The agreement we struck was that I would leave for lunch,
and return shortly thereafter, fully primed and ready to perform.
During lunch at a nearby restaurant, along with my Quinoa
Burger, I consume three cups of coffee, and two tall glasses of water.
I was definitely ready to go.
I returned to the doctor’s office.
And on my second attempt…
Mission…
Overwhelmingly…
Accomplished.
(And the good news
was I was so fast, I got in under the “Grace Period”, so I did not have to pay
twice for parking for a single urinartorial exercise.)
A happy ending. (Hopefully portending a happy “Blood Test”
result.)
Though not perfectly
so.
Do you recall that I drank three cups of coffee and two tall
glasses of water?
Well…
Responding to the inexorable Rules of Nature…
The floodgates had irreversibly been opened.
Involuntarily, I had effectuated a urinatorial “one-eighty”,
going from “I can’t” to “I have to all the time.” After achieving its specific objective, to my
dismay and discomfort, it was now “Full Steam Ahead!”
I had afternoon errands to run. There are no Men’s Rooms in the Dry Cleaners. Nor at the Automatic Teller Machine.
“I would like to make a deposit.”
“Not that kind.”
Then later, sitting in my bodywork guy’s (AKA: the “Horse
Doctor”, as he works on both people and horses) Waiting Room, with its
five-foot high simulated trickling waterfall suspended on the wall, and no key
to the “facilities” hanging on a big ring so you don’t accidentally take it
away with you in sight…
I’ll tell you, the rest of the day was no picnic.

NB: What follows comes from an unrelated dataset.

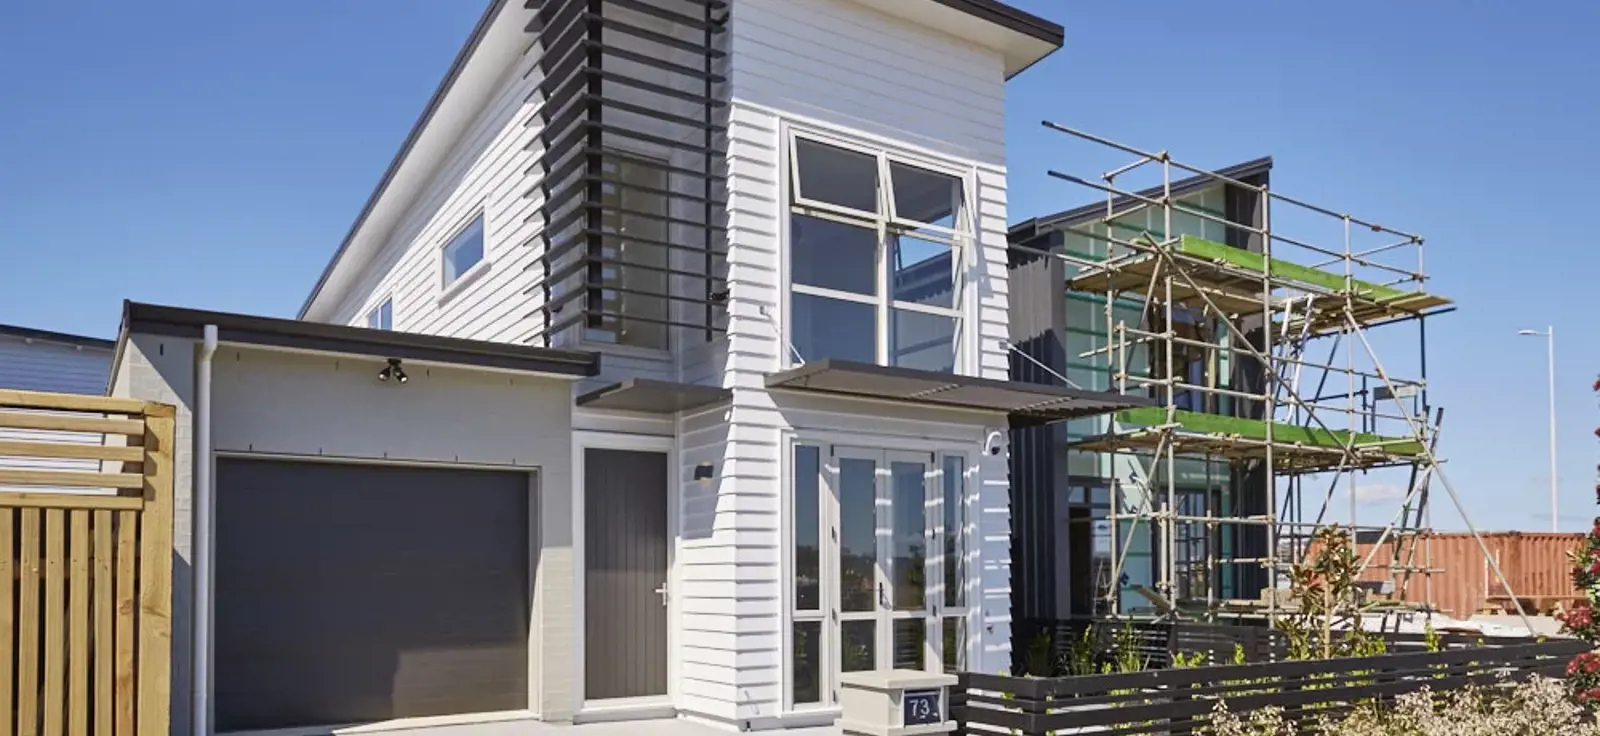 First Home Completed At The Airfields, Hobsonville Point

And it did not entirely end there.
Do you recall my mentioning up top that a portion of this
blog post was written late at night?
What can I tell you?
I had ignominiously failed once. I had to make dead certain I would not be a
“dry-cupper” again.
And now…
Due, I am certain, to my egregious overreaction…
I can’t sleep!
Man! This guy can make a story out of anything!
That doesn’t mean he has
to.
I have a feeling it does!
1 comment:
I don't know if this counts as a real question or not so I won't feel bad if you don't answer it.
Your final statements got me thinking. Is that why you became a writer - because you have to make a story about everything? Is it the drive to write that makes you a writer? What happens if you don't get to write for an extended period of time? Do you feel miserable or just guilty?
There I go. I'm even being fair. Not only am I not sure this is a real question. It's four "I don't know what you would call them" sentences in a row.